Continue to see the counselor until he/she convinces you that you are worth so much more than what your husband would have you believe.

*hugs*


----------



## Delilah1971 (Sep 18, 2019)

Thank you all so much. I know you are all right and I shouldn’t let it get to me. I have lovely friends and family who love me. I’ve never in my life been told by anyone that I’m unloveable. I’m wondering if finally I’m reaching a different stage. Up to this point I was sad and in shock but the further away from his leaving me I get, the more I’m starting to see that perhaps he never truly loved me. 

The backstory is that my husband completely blindsided me by leaving our home and marriage last summer. I didn’t see it coming, no build up to it or talk of saving the relationship. He turned down the suggested of counselling. In the middle of a conversation he said he wasn’t happy and was leaving. We have 2 teen agers. He had struck up a friendship with a female, but denied affair. I eventually followed advise to detach and focus on myself which is what I’ve done and continue to do. He has been very supportive financially and with regards to the children and our house. 
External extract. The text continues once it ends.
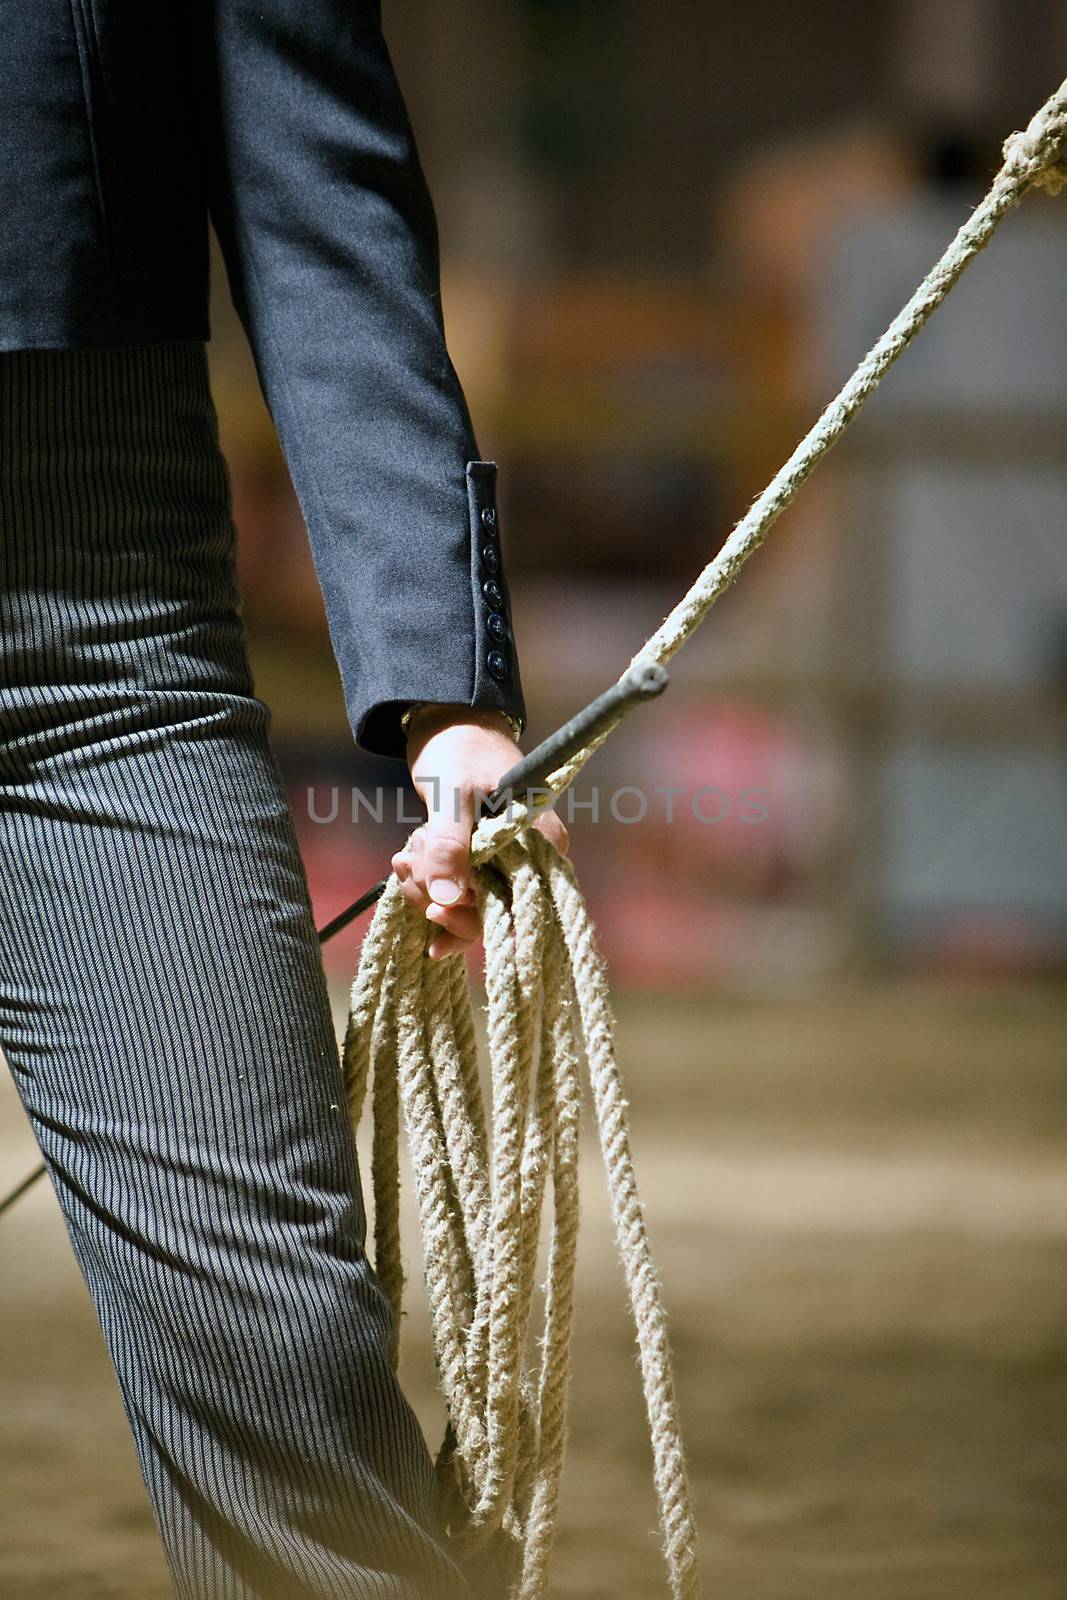 Closeup of rider holding rope during an equestrian event, equestrian test of morphology to pure Spanish horses, Spain

Thank you all so very much for your kindness. x


----------



## Sfort (Sep 28, 2019)

He's playing mind games with you. It takes two to play. Don't play. Figure out what it will take to make you happy and do it. When people say hurtful things, they really sting if there's any truth to them. If there is, work on fixing those things -- for you, not for him. If they're lies, make sure you understand and know they're lies. Put them out of your mind. There is life after *******s. Find yours.


----------



## Delilah1971 (Sep 18, 2019)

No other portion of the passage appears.